Teva Learning Alliance
- Industry: Non-profit
- Founded: 1994
- Headquarters: New York City, US
- Key people: Nili Simhai (Director) Alexandra Kuperman (Assistant Director)
- Website: www.tevalearningcenter.org

= Teva Learning Alliance =

US non-profit organization

The Teva Learning Alliance (formerly Teva Learning Center) is a Jewish-based environmental education 501(c)(3) non-profit organization that teaches about Judaism and the environment at Jewish day schools, summer camps and Hebrew schools. It is the only full-time year-round program providing innovative, experiential Jewish and nature-based education.

==History and mission==
The Teva Learning Center was founded in 1994 by and is based at the Isabella Freedman Jewish Retreat Center and Surprise Lake Camp.

The Teva Learning Center seeks "to renew the ecological wisdom inherent in Judaism" by "immersing participants in the natural world."

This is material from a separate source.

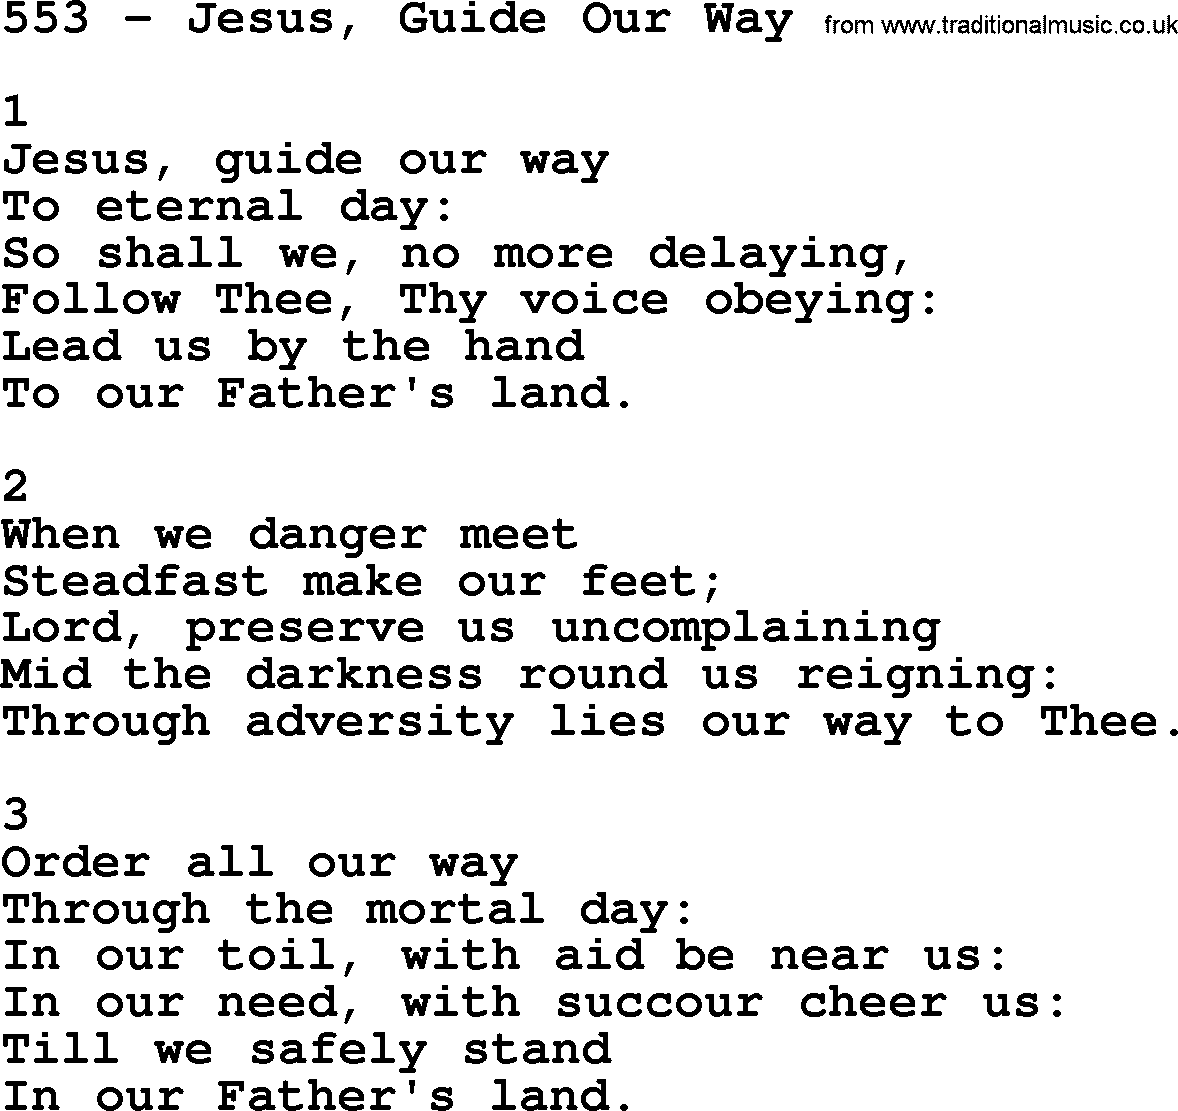 Complete Adventis Hymnal, title: 553-Jesus, Guide Our Way, with lyrics, midi, mp3, powerpoints(PPT) and PDF,

Its director, Nili Simhai, won the 2009 Covenant Foundation award for Excellence in Jewish Education. In 2014, Teva and the Isabella Freedman Jewish Retreat Center merged with the Jewish environmental organization Hazon.

==Programs==
The Teva Learning Center is a Jewish education group which engages in environmental education and activism through the context of Judaism. Teva's education centers on the preservation of the environment from a Jewish point of view. Teva frequently teaches children in Jewish day schools teaches as well as synagogues, camps and youth groups. Teva provides a hands-on approach to environmental education.

===Bring It Back To Our School===
Teva provides workshops on the environment and outdoor experiences along the East Coast at 45 different schools working with about 4,000 students annually.

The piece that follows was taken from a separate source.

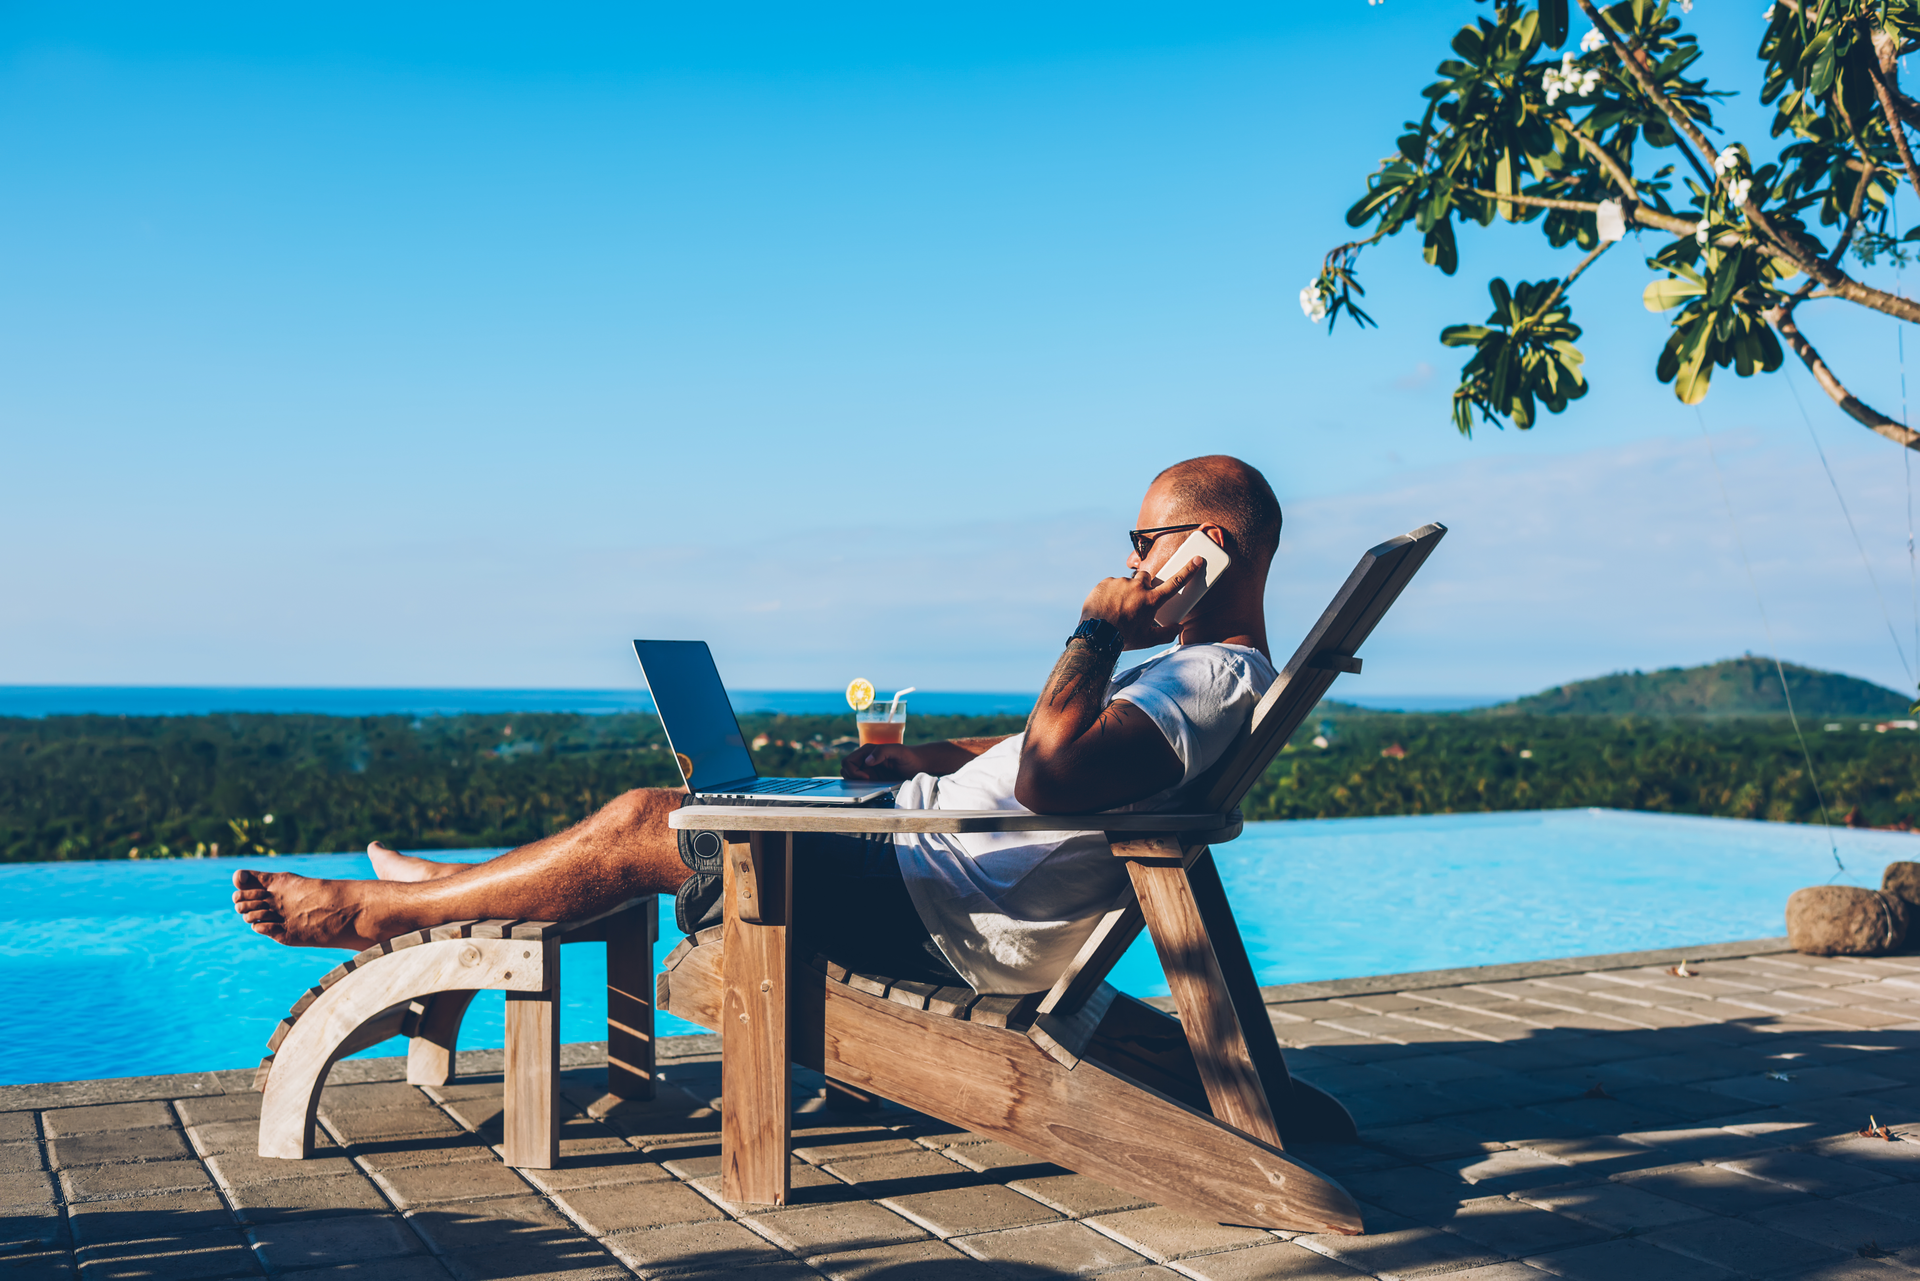 Can Small Business Owners Take Vacations? - business.com

Part of this is teaching students that they are Shomrei Adamah ('Keepers of the Earth'): Shomrei Adamah ('Keepers of the Earth'), is for fifth- and sixth-grade day-school students who visit a retreat center for four days and make a 'brit adamah,' or covenant with the earth, to engage in environmental activity. The Center also runs a program for junior-high students, Achdoot ('Togetherness'), in which the teens camp in the wilderness, usually a state campground.

In June 2009, students from the Solomon Schechter Day School of Raritan Valley in New Jersey were presented with the 'Kids for Clean Communities Award' for the recycling program they developed at their school after attending the Teva program.

===Birkat HaChamah===

In 2014, Teva purchased a bus previously owned by Ben & Jerry's founder Ben Cohen for use in environmental classes. The bus was incorporated into environmental awareness programs related to Birkat Hachamah or Blessing of the Sun. However, Orthodox Talmudic scholar Rabbi J. David Bleich of Yeshiva University, (a specialist in Birkat Hachamah) has criticized this interpretation of Judaism as a notably environmental faith. He argues that environmental problems are "issues in and of themselves and are totally unrelated to the blessing of the sun," as the blessing is an occasion to acknowledge the wonder of God's creations, not a political statement. "I suppose you can connect anything," he says. "You can draw dots and lines; you don't have to be logical.".

===Farm Fellowships===
Teva offers a three-month fellowship in environmental farming and Jewish values.

===Teva Seminar===
An annual four-day program designed to train over 100 participants to develop programs in their 'home' institutions.